I will keep that in mind. The guard for sure is on my build list. My steel is being delivered tuesday and wednesday Ive got a buddy coming to help me. I should have pictures of the track to post by thursday..


----------



## redprospector (Mar 31, 2008)

Mike Van said:


> Mike, if the OD of those tires is less than 18", I'd really re-think using them. Reason is the life of the bands. The tighter arc they're bent around, the less life you'll get from them. I run 24" dia. wheels with .042 blades. I'll sharpen some blades a dozen times before they'll crack. Whatever you do use, make good guards over the wheels, when those blades break [they will, sooner or later] You want that 14 ft or so of steel inside a guard -



Very good advice.
I have 19" sheaves for wheel's on mine and that is the minimum I would consider. If I had to do it all over again my band wheel's would be a lot bigger.

Andy


----------



## TNMIKE (Apr 3, 2008)

*I got the track built tonight*

I started on the track tonight about 6 pm and finished at 11pm . Its twenty feet long and built in two ten foot sections. The track is 3x5 angle with the larger side up and the cross braces are 3 inch C channel. The V groove casters roll on 1 inch angle welded to the outside edge of the three inch part of the 3x5 angle. I felt really good about how it came out. The track is square to within 1/32 over ten feet. 

This is a really heavy duty track and much heavier than some of commercial mills I have looked at. It would be an easy job to put some rectangular tubing under the angle iron and mount an axle under it. Its not too hard to load the ten foot sections in the back of a pickup. Two men can easily do it. I intend to ground mount mine and not put an axle under it.

I took some picture but its so late I will post them tomorrow. The mill I am building is like the one shown in the link below. I have $345 in twenty feet of track.

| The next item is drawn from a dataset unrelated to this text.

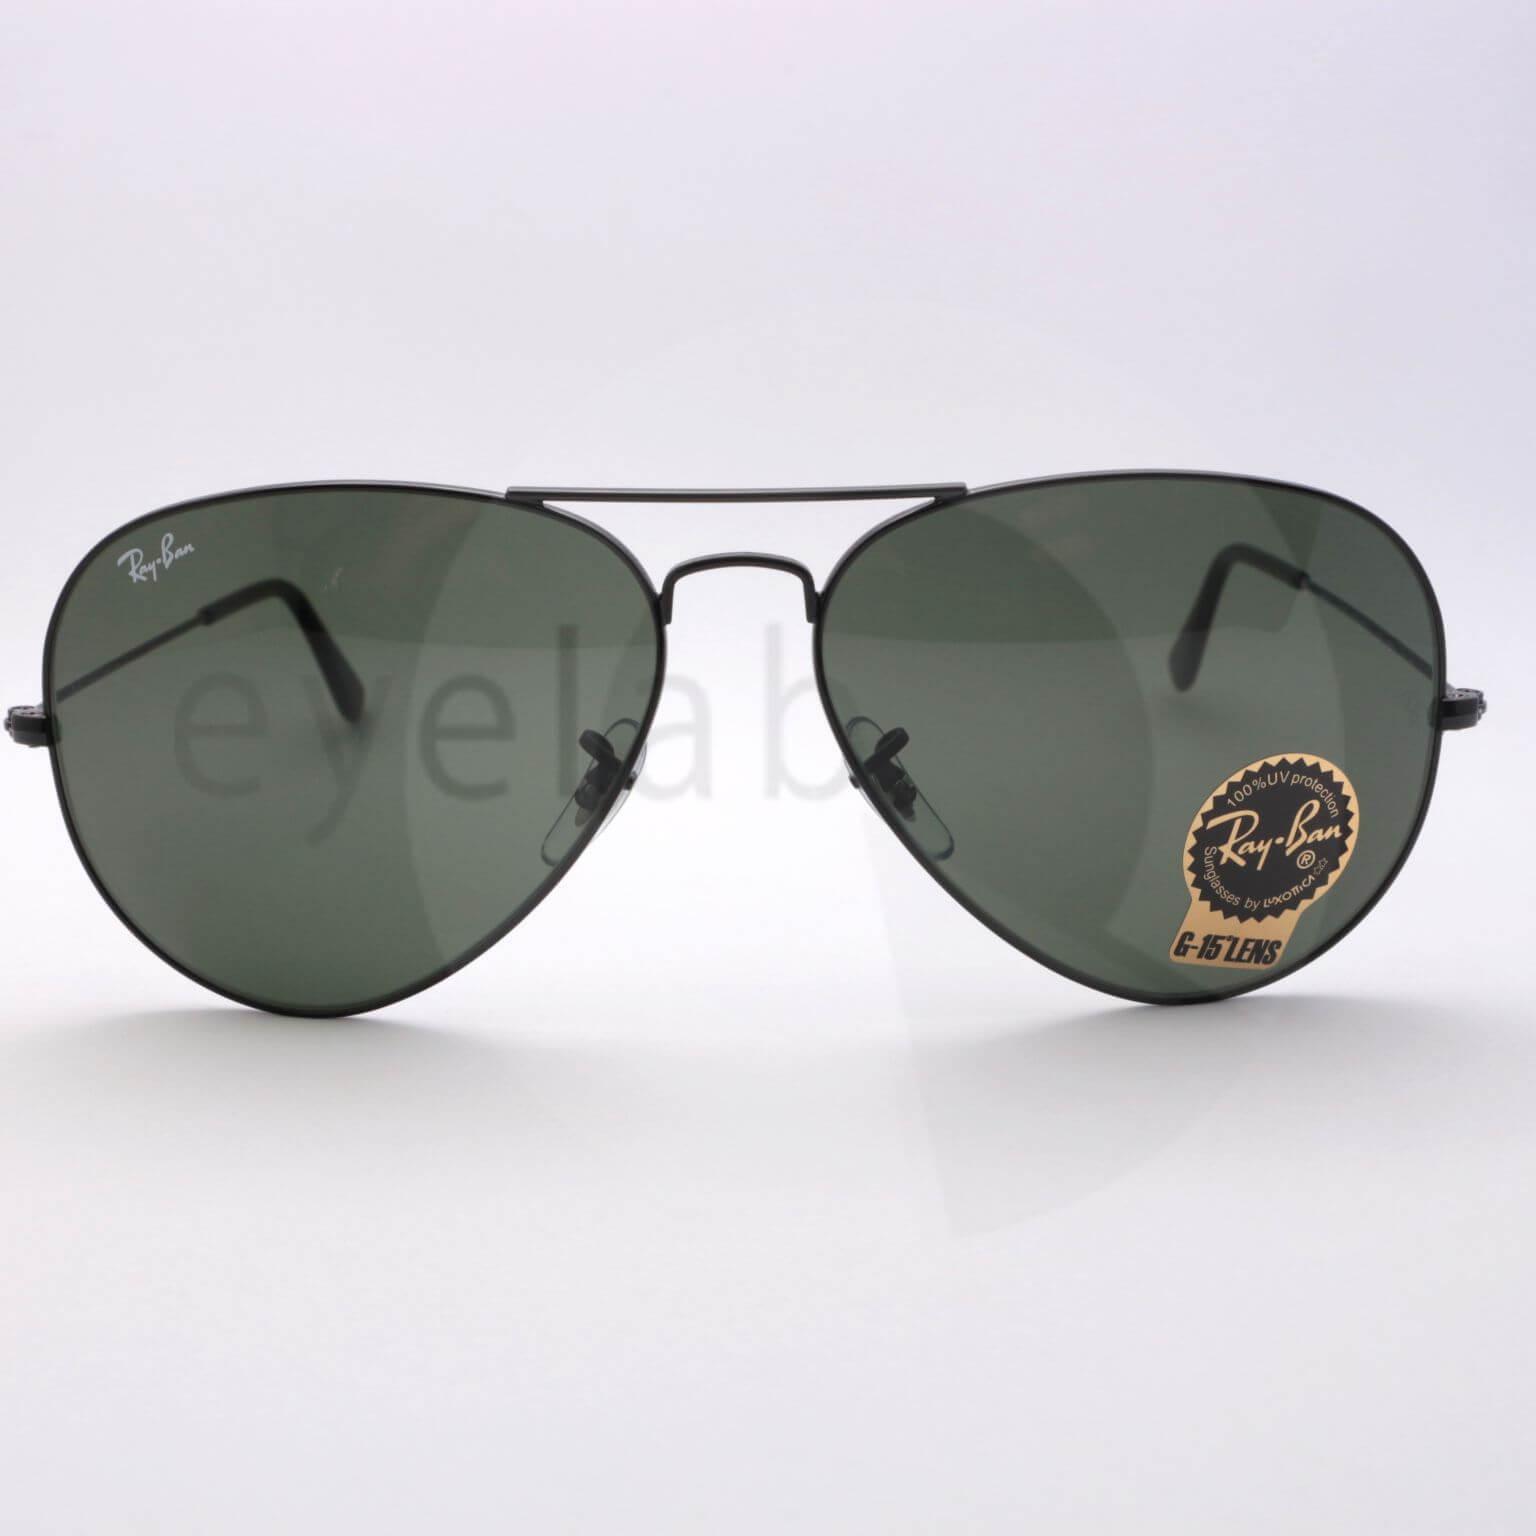 Γυαλιά ηλίου Ray-Ban 3026 L2821 62 Aviator ~ Eyelab b11ef0f3841

That is new steel not including my labor and the help of my son and a friend who is a professional welder.

http://kruppt.tripod.com/mill_1/index.html


----------



## TNMIKE (Apr 3, 2008)

*Cooks bandsaw blades*

I did contact Cooks and they were very helpfull on the blades. I intend to order from them. I measure the OD of the wheels I am using and they are 21 inches with four bolt wheels.

Thanks for the tip on Cooks....Mike


----------



## TNMIKE (Apr 3, 2008)

*Here the pics*

I always have trouble resizing the pics for the forum. The camera I am using is old..and only 3 megapixels. It was light out when I took the first one and dark on the second. I think you can tell what is going on.

As I was uploading these I noticed the maximum file size was 300kb and not 100kb like I thought it was. Two of these may be sort of small...sorry about that. 

The track was welded with a Miller 200 MIG. Its an old machine and Lord only knows how many miles of wire have been through it.


----------



## MotorSeven (Apr 4, 2008)

Looks good Mike, i can't wait to see the carriage go together.....
RD


----------



## dustytools (Apr 4, 2008)

MotorSeven said:


> Looks good Mike, i can't wait to see the carriage go together.....
> RD



+1.


----------



## BIG JAKE (Apr 4, 2008)

Mike-How much money do you think you'll save building your own mill as opposed to buying one already made?


----------



## TNMIKE (Apr 6, 2008)

*Mill cost*

I figure with all new steel and a used engine I will have about 900 dollars in the mill. I think the lowest cost commercial mill is about 3 K. If you add in the track length I will have even more.


----------



## TNMIKE (Apr 6, 2008)

*In my last post*

I meant to say , save even more in the last sentence. I wrote the reply about 1 am sunday morning after a long road trip to a knifemakers symposium at Tannehill , Alabama. We left thursday night about 11pm and got there around 5am friday morning. Left saturday around 6pm and got back to NC about 12am. 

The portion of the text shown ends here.